Today, to estimate the thermal function, computational fluid dynamic tools are used as the basis to created compact thermal models, which are then used by tools from Apache Design, Cadence, Mentor Graphics and Synopsys, among others to analyze the heat and to look at the power as a function of the workload, or to look at the thermal performance of that device, subsystem or system.

The fin is in
New devices such as finFETs and FD-SOI devices being released into manufacturing are thermal game changers because the way they are constructed affects the thermal performance, noted Ric Borges, senior product marketing manager at Synopsys.

“We are able to get a lot of interesting and useful information about how the design of the fabrication process will impact the ability of a transistor to dissipate the heat. For example, as we go from planar MOSFETs to finFETs, obviously now the fact that we have fins where the current is flowing (where the heat is generated) the heat is not going to have an easy a path to the substrate where it spreads out or where the heat sink is. It’s not going to have as easy a path as planar FETs so there are effects related to finFETs that are then different from planar. We can do a lot of modeling and a lot of it has already been done to try to understand that,” he explained.

There is also the material effect. “When we talk about having SOI devices, the silicon dioxide is not as good a thermal conductor as silicon,” Borges said, “so if you have the device structure where the heat is generated sitting on top of oxide, then that device is going to have more self-heating than an equivalent device that doesn’t have that oxide there.

A limiting factor
Managing thermal effects in leading edge designs is a very big deal given that thermals are a limiting factor in performance and functionality.

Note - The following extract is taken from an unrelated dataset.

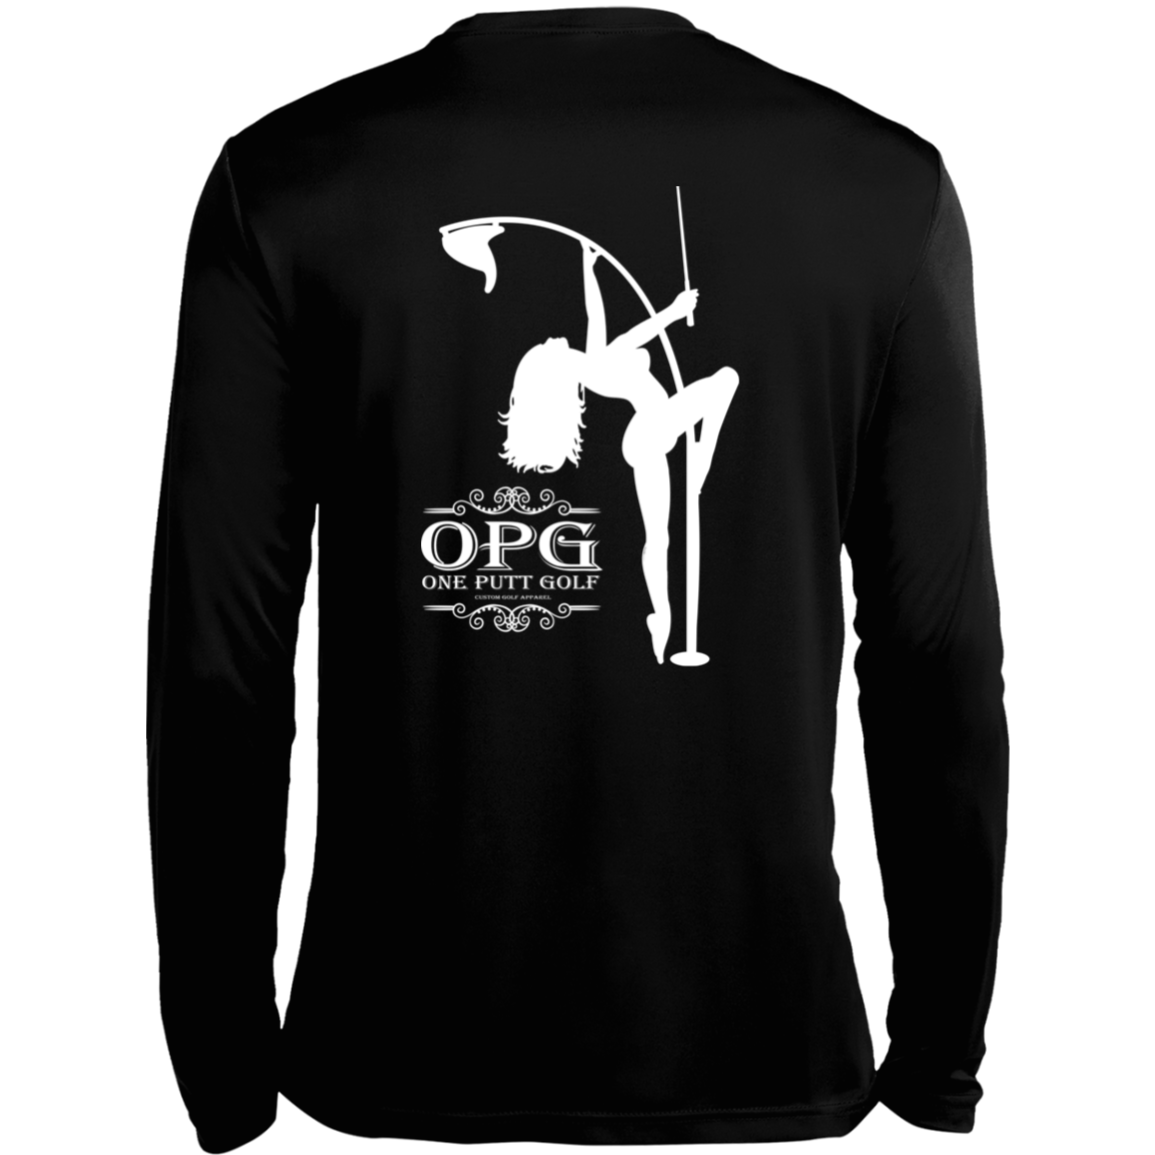 OPG Custom Design #10. Flag Pole. 100% Polyester Moisture-Wicking Tee

“The trick in all this modern design for thermal is to deliver as much performance and functionality as you can while still satisfying the quality of service,” Matter concluded. “You need to model the complex system behavior in relatively real time and you need to be able to do the architectural exploration of your thermal management and power management policies up front. It’s no longer good enough just to implement very, very good power management. It’s no longer sufficient just to do a really good job to optimize battery life or reduce energy. You also want to be able to ride right up against that thermal limit or near that thermal limit without any noticeable degradation of performance.”